Ekonomi için, yatırım için, faizler için söylediklerini bir tarafa bırakarak topluma verdiği mesajdan kesitler aktardığım yazılarıma bir yenisini ekleme adına bir daha klavyenin başındayım.

Her canlı yayında, sohbet ortamında yaşamından kesitler aktarırken, topluma verdiği mesajların kıymetli olduğunu belirtmeliyim. Babasından aldığı iş ahlakından ‘işin hilesi dürüstlüktür!’ sözü ailenin yaşam felsefesi olmuş. Hile ile sağlanan kazancı sel suyuna benzetirken, dürüstlükle kazanan parayı da kaynak suyuna benzetiyor.

Özellikle şu cümlesi çok önemsedim; “Bir ortamda size selam verip hatırınızı soran olursa, lütfen sizi tanıyamadım demeyin. Siz de hatır sorup konuşurken bir ipucundan o kişiyi mutlaka anımsarsınız.
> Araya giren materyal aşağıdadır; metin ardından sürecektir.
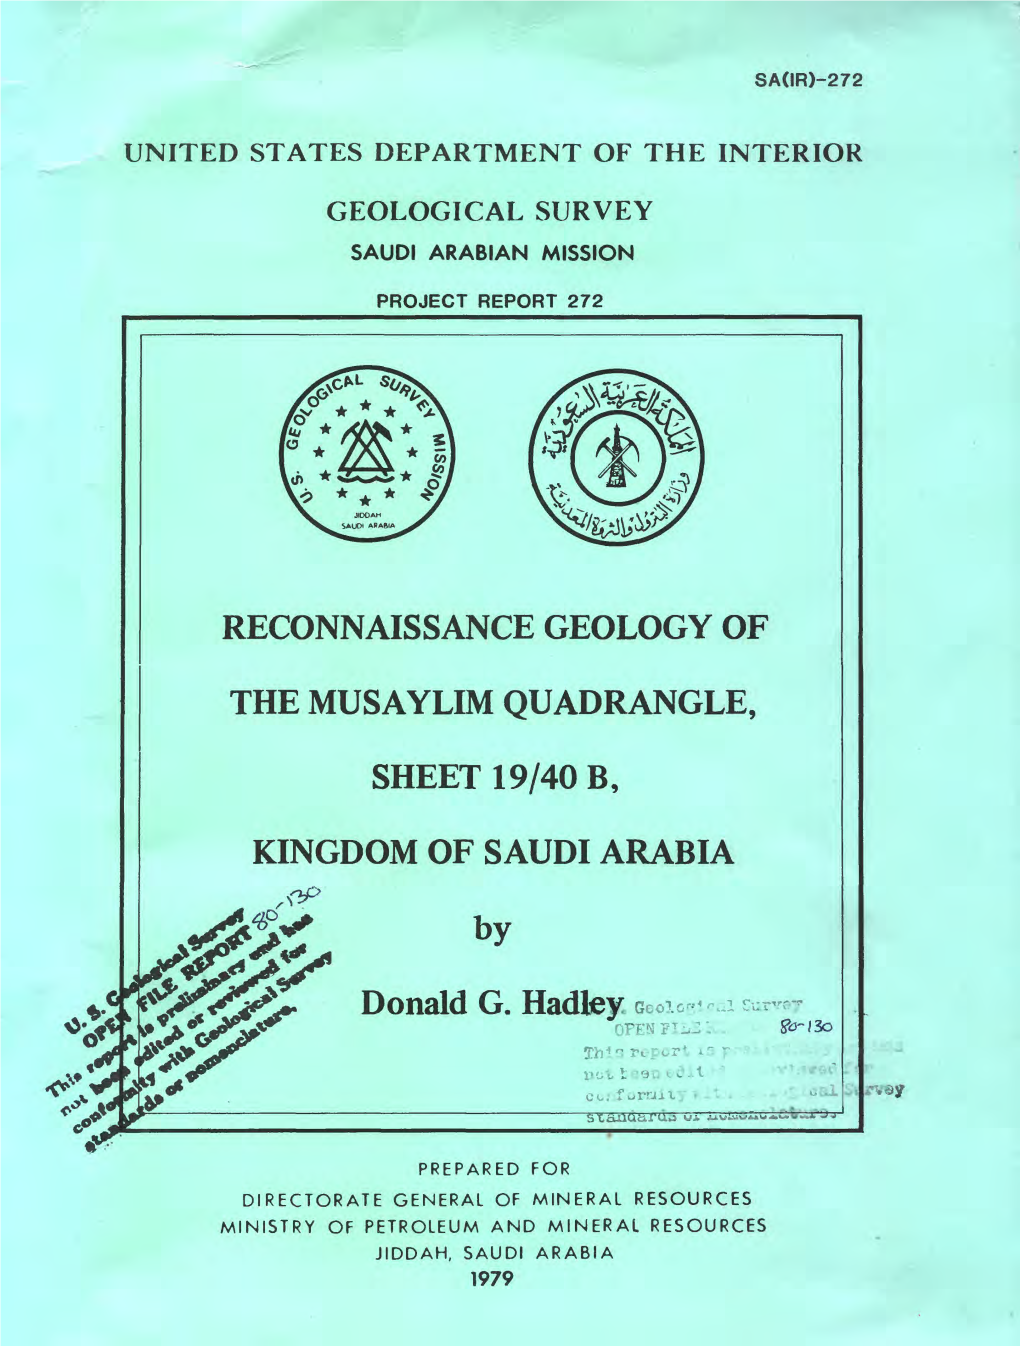 Reconnaissance Geology of the Musaylim Quadrangle
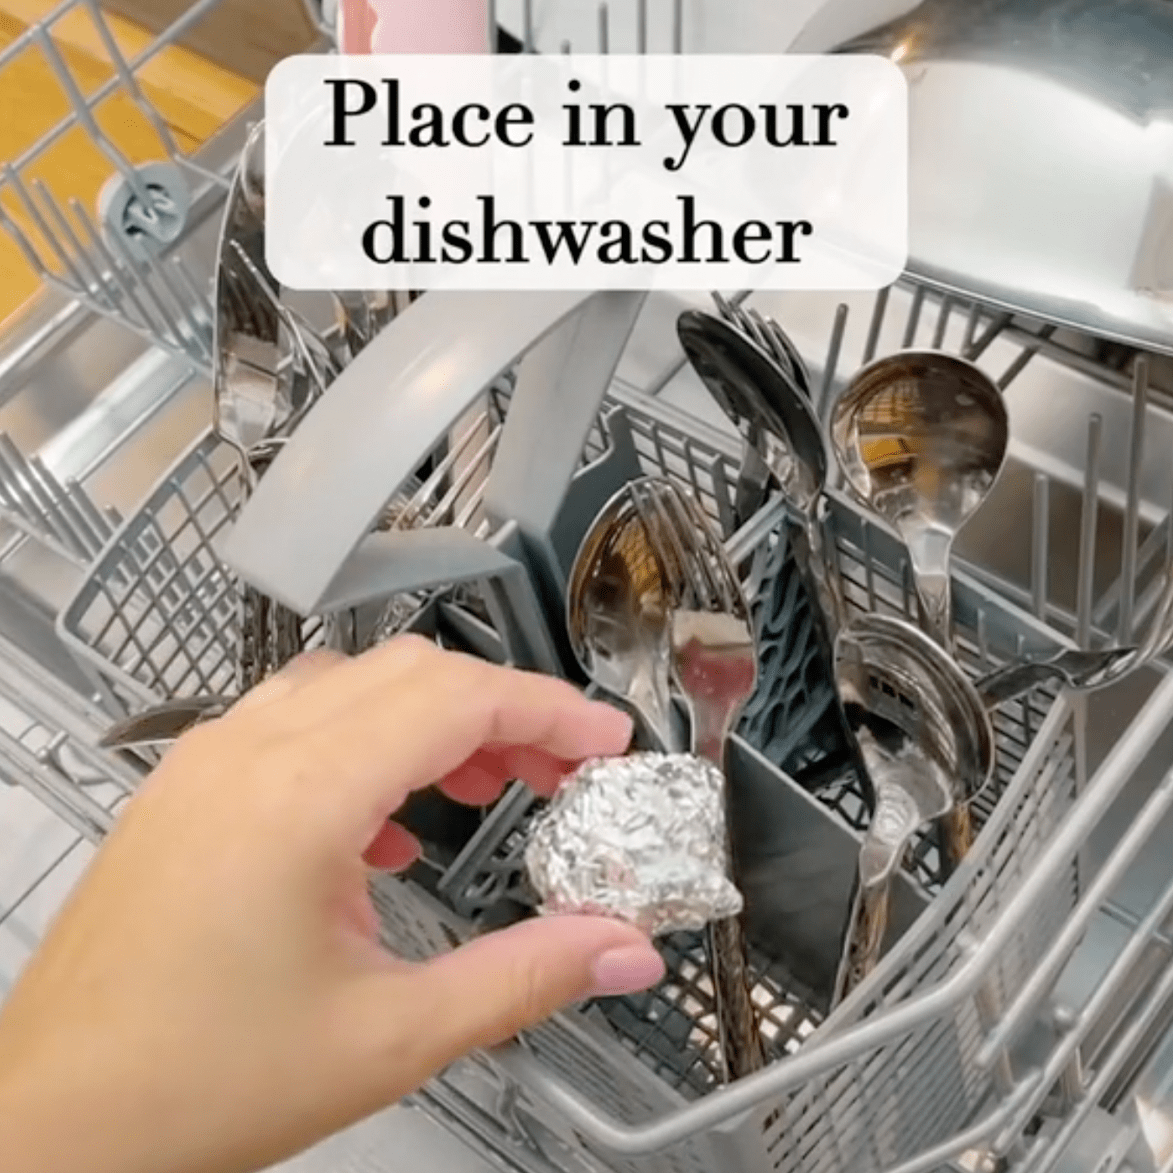 Should I Really Put Aluminum Foil in the Dishwasher?

Tanımadım dediğinizde onları değersizleştirirsiniz, aman yapmayın!”

Allah uzun ömürler versin!

Yerel yönetimler bir beldenin, ilçenin ve şehirlerin kaderini belirlemesi, geleceğini şekillendirmesi açısından önemli. Hangi partiden olursa olsun, seçilmişlerin bir hedefi vardır, o hedef doğrultusunda plan ve projeleri ile varlıklarını hissettirirler, toplumdaki karşılıkları da buna eklendiğinde ortaya çıkan başarı hikâyesi, herkes tarafından okunan eser haline dönüşür.

Konumuz yine Dulkadiroğlu Belediyesi. Ve onun mümtaz Başkanı Mehmet Akpınar.

Ne demiş, ne olmuş, ne yapmış; yerel yönetimlerin seçim vaadlerine ne ölçüde sadık kaldığını takip eden ve bu verileri kamuoyu ile şeffaf biçimde  paylaşan www.nededine yaptı.com internet sitesi ve sosyal medya  platformu, 2024 Mart yerel seçimlerinden bu yana belediyenin icraatlarını mercek altına alması sonucu, bu değerlendirme nihayetinde Dulkadiroğlu Belediyesi bir başarıya imza atmış.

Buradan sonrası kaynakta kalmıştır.